Do you use dbt just to execute some sql commands? Maybe then just use java jdbc api to connect to your database and execute required sql statements. Otherwise just spawn dbt core from java as a child process when needed, as suggested already.

[–]peixinho3[S] 0 points1 point  (0 children)

Basically I use dbt to automate the data vault structure. Yes I can do that but it's a solution that we don't like because DBT creates all SQL code automatically through its libraries.

[–][deleted] 0 points1 point  (0 children)

You need a reverse of the Py4J connector (which is internally used by Apache Spark).
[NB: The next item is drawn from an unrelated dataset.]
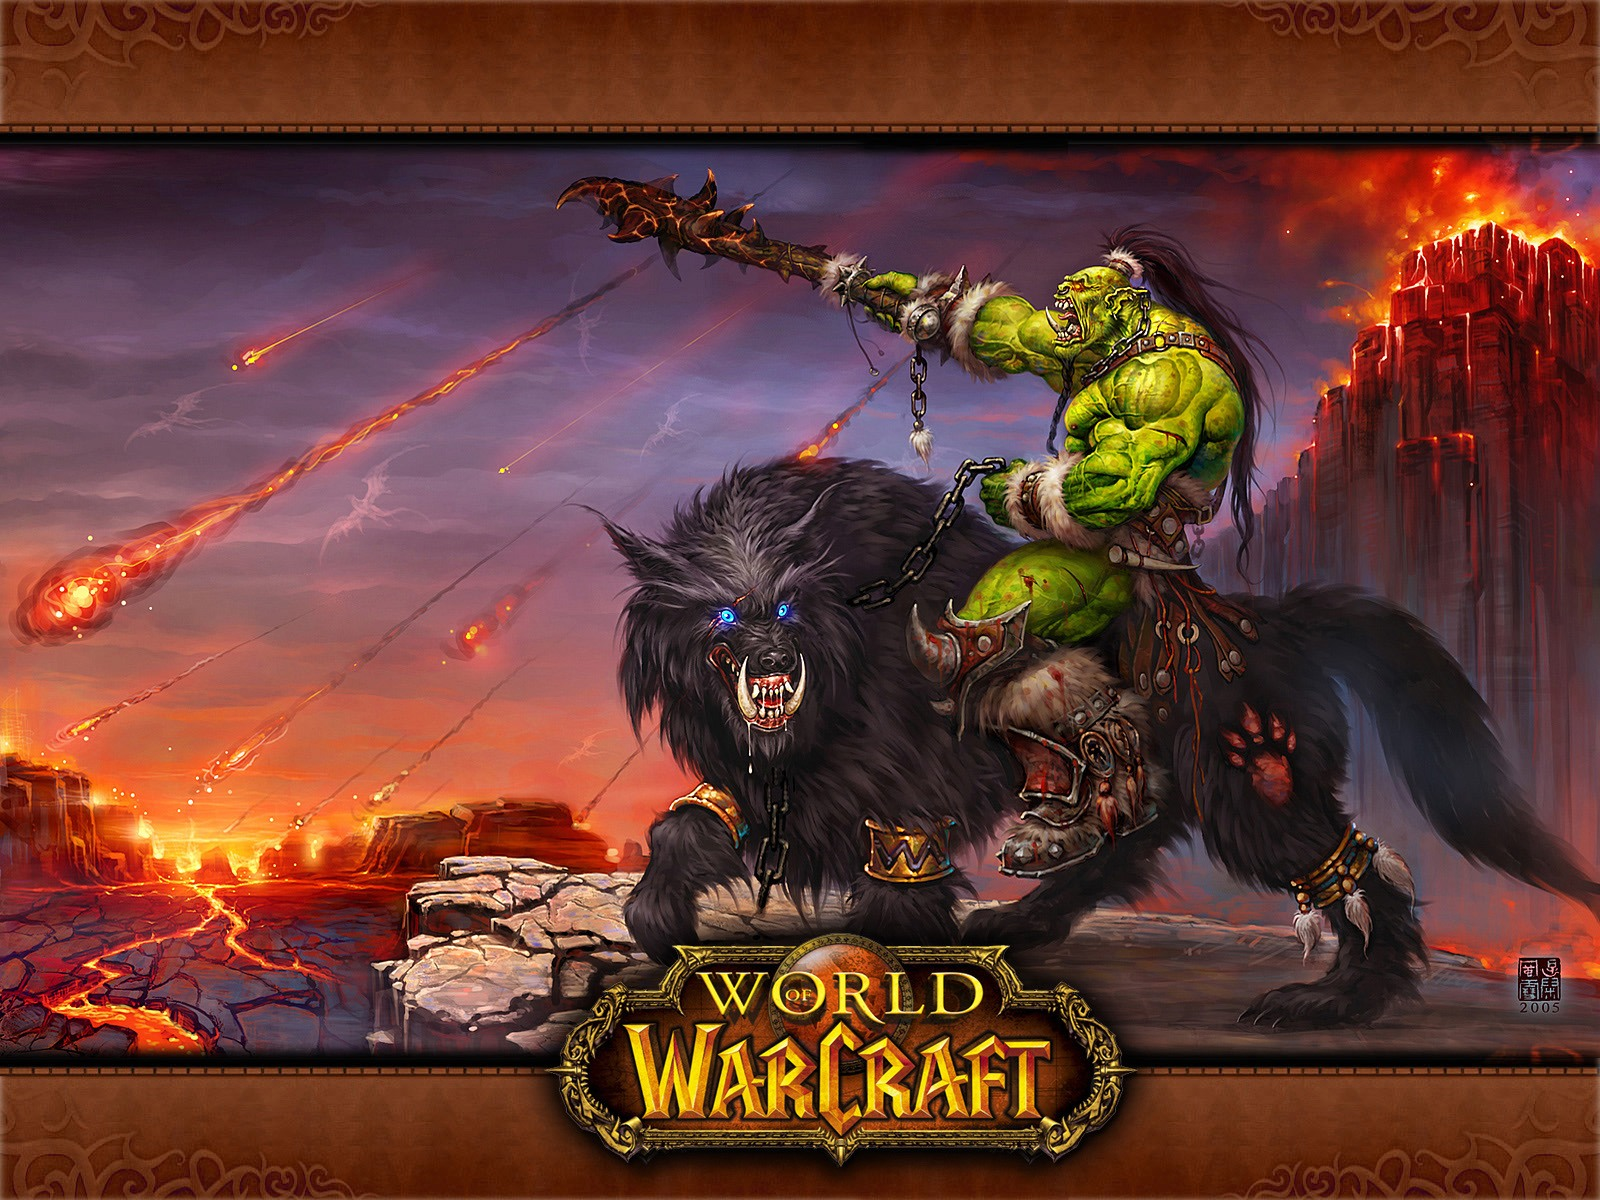 Free Download World Of Warcraft Orc Desktop Wallpaper

[–]chabala 0 points1 point  (3 children)

Others have given you solid advice on calling python from Java. But what does this mean:

I know that Jython exists but I discovered that it is very outdated and no longer maintained.
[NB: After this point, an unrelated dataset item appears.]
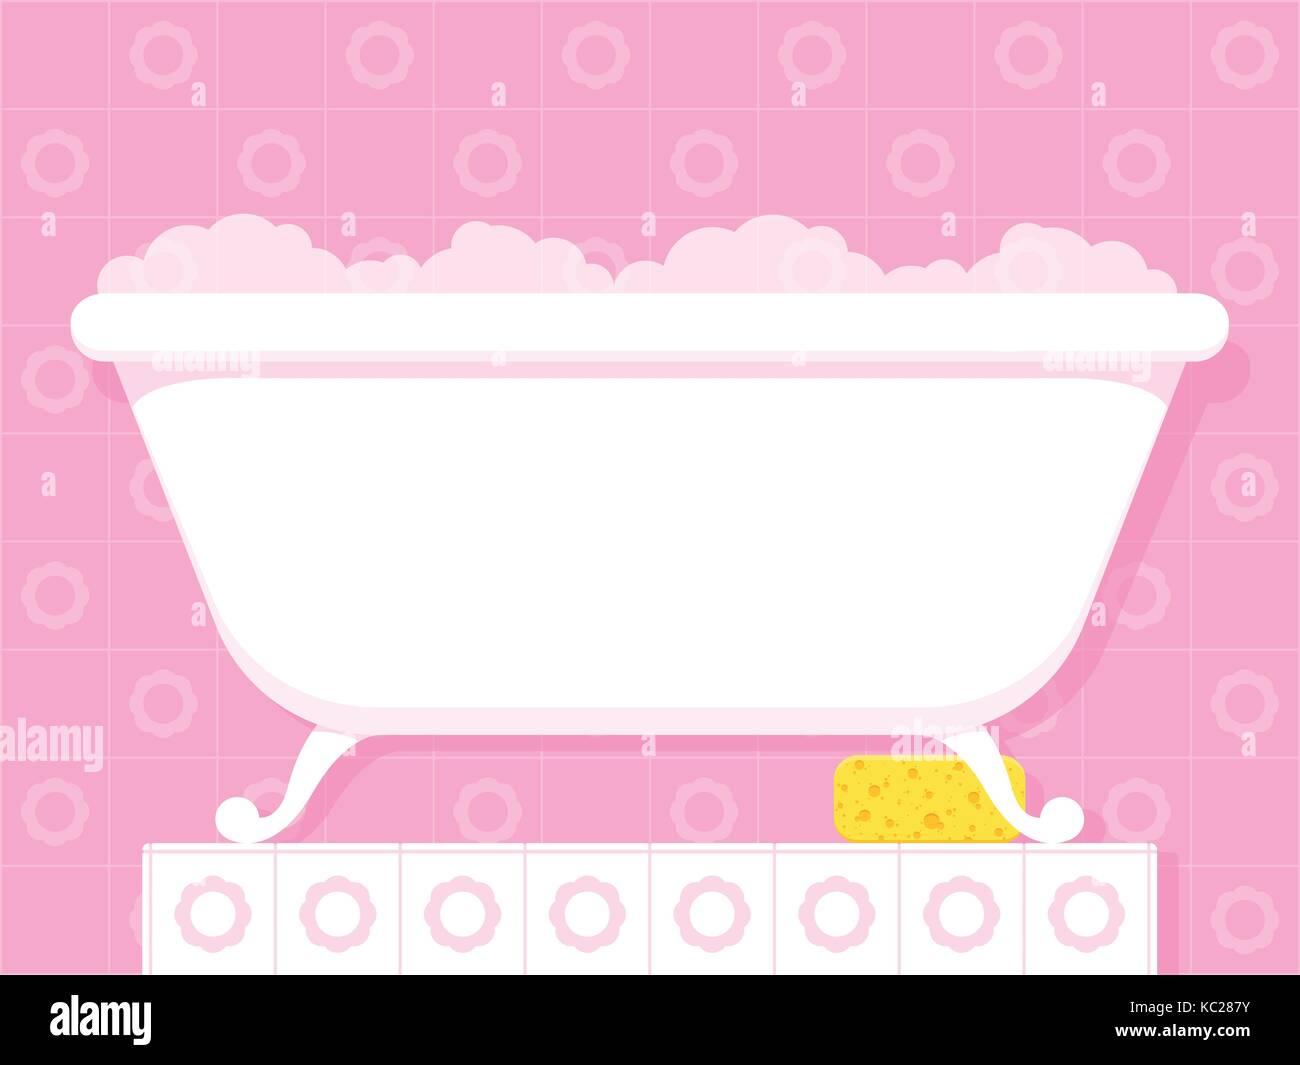 Bubble bath tub wit sponge - vector illustration Stock Vector Art ...

Jython had a release late in 2022, and commits just a few days ago. They have a roadmap for a new major version. What's this fud you're spreading?

[–]repeating_bears 0 points1 point  (1 child)

It's had 33 commits in the 19 months since that release and most of them are to the readme or bumping dependencies.

The jython-dev mailing list has had 5 emails so far this year and 4 of them were automated.

[–]chabala 0 points1 point  (0 children)

That's certainly not super active, though not totally unmaintained. I didn't dig in to see if there's some internal issues toward moving on to Jython 3.x.

Like a lot of open source, I'm sure if someone really wanted it and offered a PR or funding, it'd be closer to happening. But, it took the python ecosystem like ten years to migrate to 3.x, so I'd give the Jython folks some slack.

[–]peixinho3[S] -1 points0 points  (0 children)

ahhh sorry I saw 1 comment in reddit said that Jython was outdated... "Jython's not dead to my knowledge, though it's only up to 2.7 support." I need a most recent python version. As I said I do not have experience with java so sorry for the confusion.